First, US and EU officials should consult immediately and agree on a list of additional sanctions to be applied if Russia launches an attack. The list is expected to contain significant measures such as sanctions on Russia’s sovereign debt. (Presumably, even countries like Italy would agree to this if Russia attacks.) US and EU officials should quickly and privately pass this list on to their Russian counterparts. Specifying the consequences in advance – rather than later as a punishment – could have a deterrent effect.

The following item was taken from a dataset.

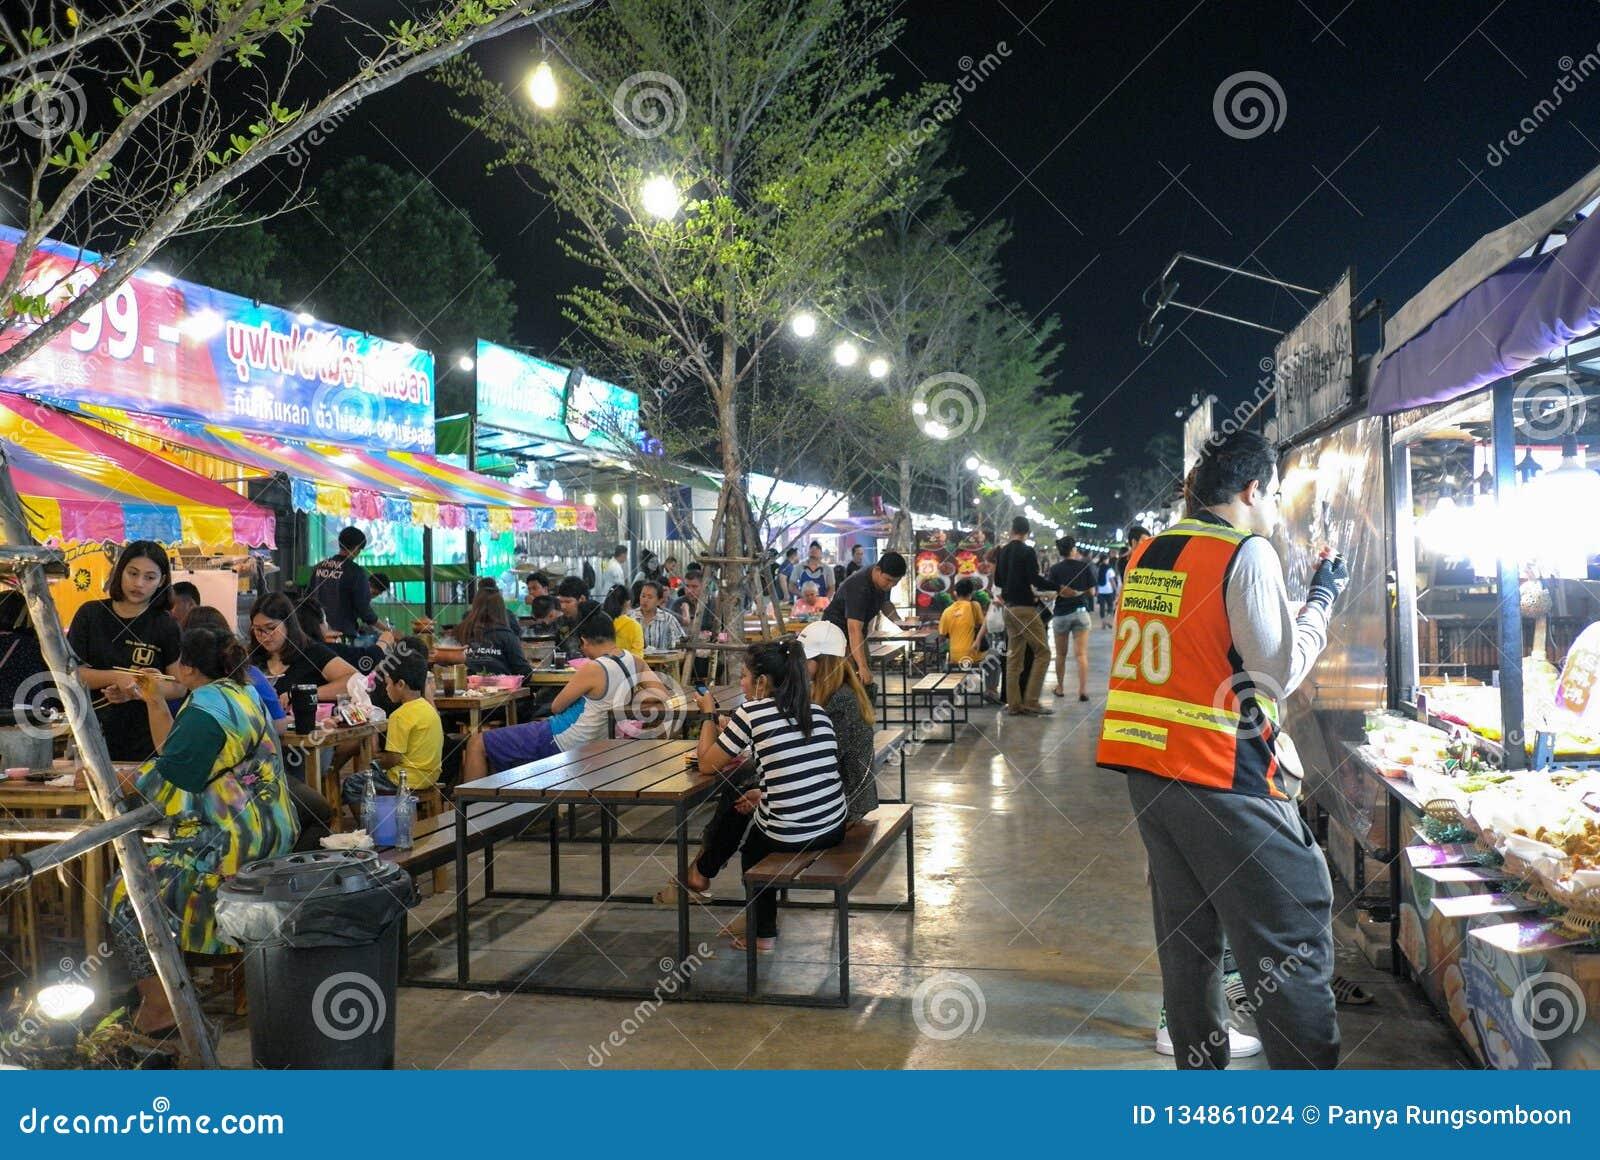 Идя улица туристское назначение для людей которые хотят есть в вечере
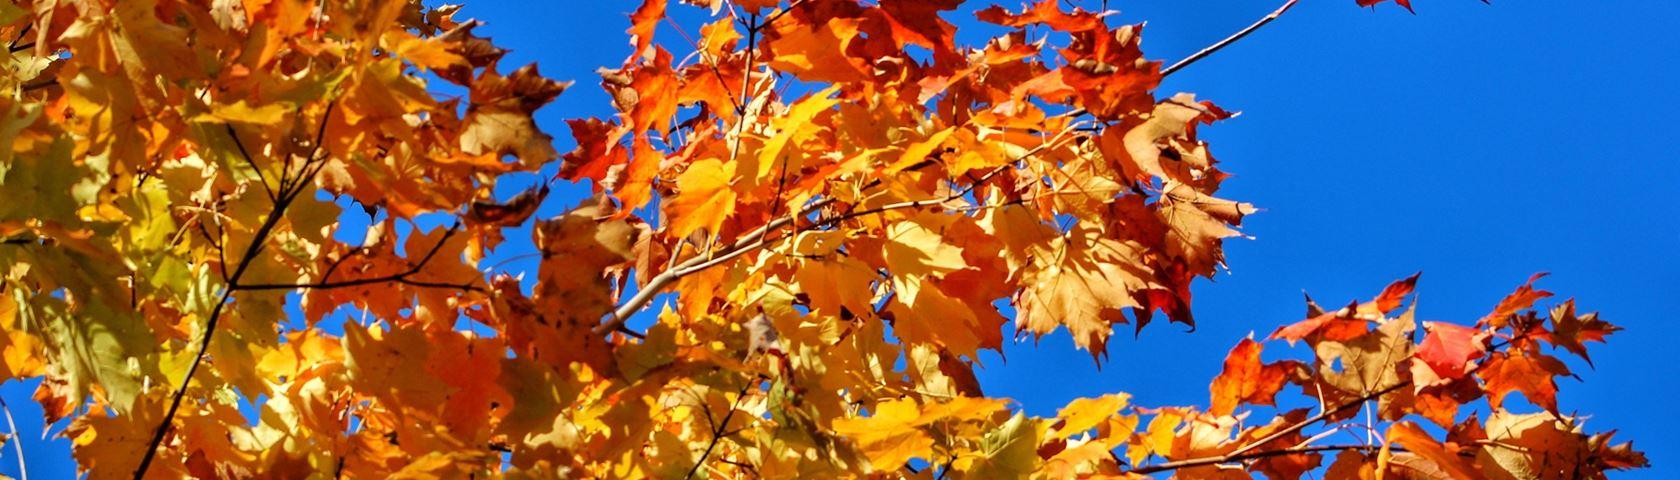 Autumn Dazzle

Second, as the US Chairman of the Joint Chiefs of Staff has spoken to the Russian Chief of Staff, other US officials, including the President, are expected to speak in Moscow and warn against the harmful side effects that would result if the Russian military strikes. At the same time, Washington should consider other measures to signal its seriousness, for example by providing Kiev with additional Javelin anti-armor missiles or other weapons to bolster its defensive capabilities.

Third, European leaders must call on Ukrainian leaders with similar messages of support. These will also serve as signals to Moscow.

Fourth, European leaders should also phone the Kremlin. This is especially true for German Chancellor Angela Merkel. Her relationship with Putin may be strained, but she remains the closest to any Western leader. Among other things, he needs to know that an attack on Ukraine would kill the Nord Stream 2 pipeline, either because of internal political pressure on it and its government or because of White House sanctions against German companies due to pressure from Congress.

Hopefully the Russian maneuvers are just a bluff and will end soon. However, the West cannot afford to hope. Moscow’s actions could portend something more glaring and dangerous. Europe and the United States should do more to prevent this.